His head was down, and he was not watching where he was going, really. He knew these streets very well, having beat them often during the last few years, and his feet carried him along without his conscious brain really navigating at all.
He bumped a street vendor — probably dogs or gyros or some other ridiculous disgutitude — who was bent over his cart.
“Hey buddy, what gives?” said the hot dog vendor. When the walking man didn’t retort, he continued, giving a wave of his hand as he did so: “Eh, go fuck yourself.”
The man turns on 50th, and proceeds past a clothing boutique called Cheryl’s Barrel of Threads, a five-and-dime, and a few other shops, and arrived at the Law Offices of Palmer & Sanford, took the elevator to the sixth floor, went straight past the secretary without so much as a wave, and walked into the office where David Palmer was supposed to be working.
David wasn’t there.
The man who had walked in slammed his fist against the desk, and with a broad swipe knocked off a lamp, an inkwell and Parker fountain pen, a card index, and a stack of file folders. He turned to exit and saw David Palmer standing in the doorway.
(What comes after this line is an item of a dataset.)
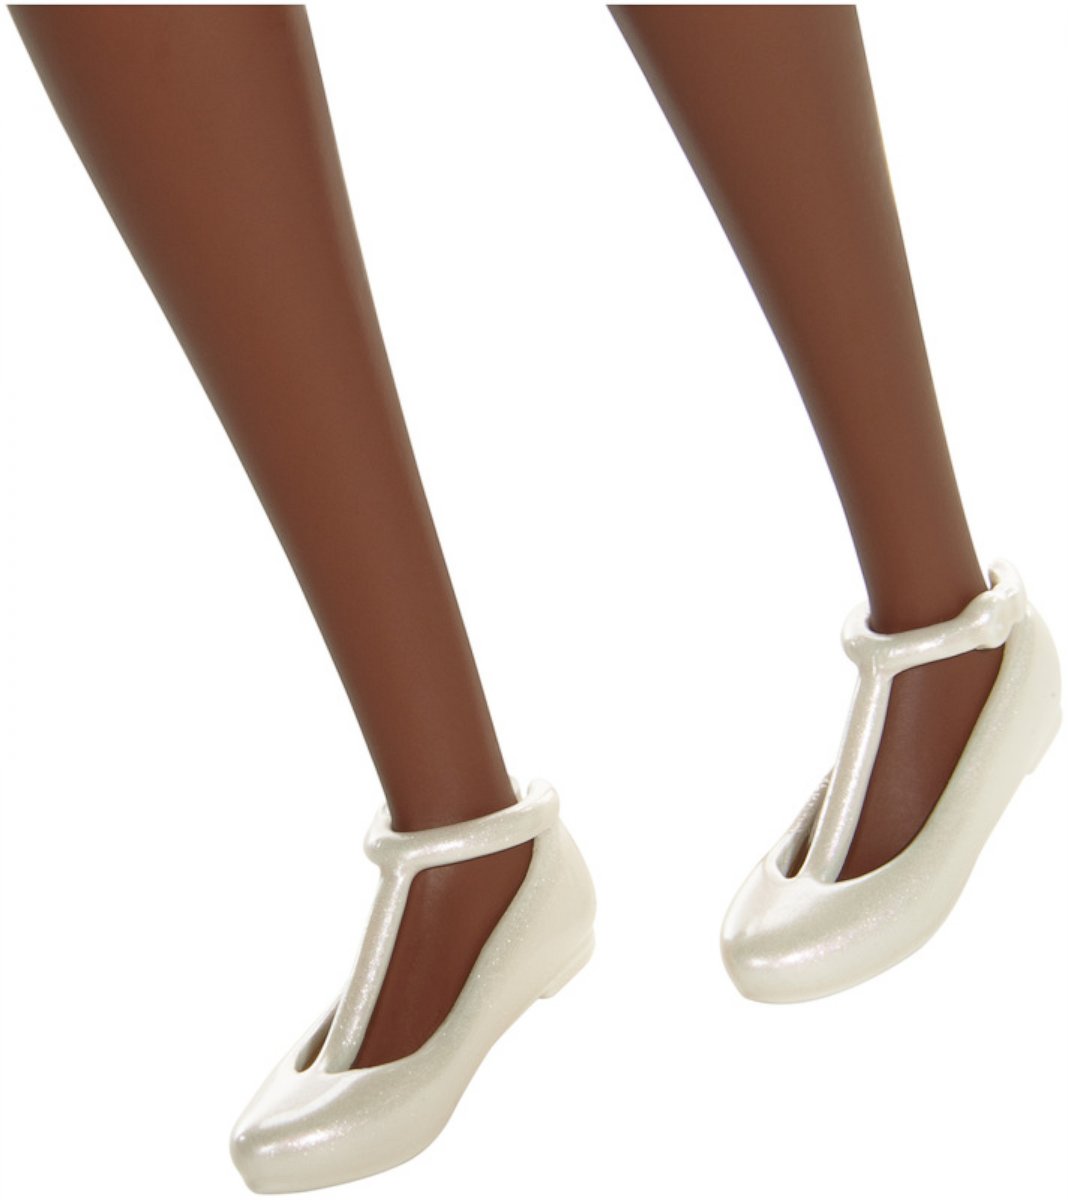 PHOTO: With movable ankles, Barbie can now wear flats.

“I take it you’ll send someone to clean that up straightaway, Mr. Sanford?” asked David.
“Fuck you, get your own maid to clean.” Neal, the walking man, pouted like a child and crossed his arms.
David sighed. “What has you all riled up this morning? Did you forget to stop for coffee?”
“You didn’t tell me she was a hooker, David.”
“A hooker? Who, Nicolette?” David sneered, walked to the freshly cleared place on the left corner of the desk and sat down. “Do tell.” He picked up a large, black, glass paperweight that his father had given him and tottered it in his hands.
“Yeah, she’s a goddammed hooker, a call girl, a tramp. Why didn’t you tell me, David? If this gets out, that I’ve been paying for…. Hiring a… My reputation.” Neal looked haggard, distraught. He had been toiling over this despicable idea all the way from Sauk Centre by car to Minneapolis and by plane to New York.
“Your reputation is the least of your concerns, Mr. Sanford. You have a job, and that is to find out what the hell she’s up to.”
Neal stifled what was almost a cry, and almost a wildcat’s yelp.
“Well, I’ve done that. I’ve found out a lot more than I bargained for, too. A hooker, Christ, David.”
“It’s not the end of the world, Neal. You’ve met my wife, am I right? Darla? How much would you give me for a night of wrecklessness in her bed, hmm?”
“She is your wife! Can’t you show a little respect?”
“Oh, Mr. Sanford. Have you gone — ” he made a gesture with the index finger of his left hand — “limp?”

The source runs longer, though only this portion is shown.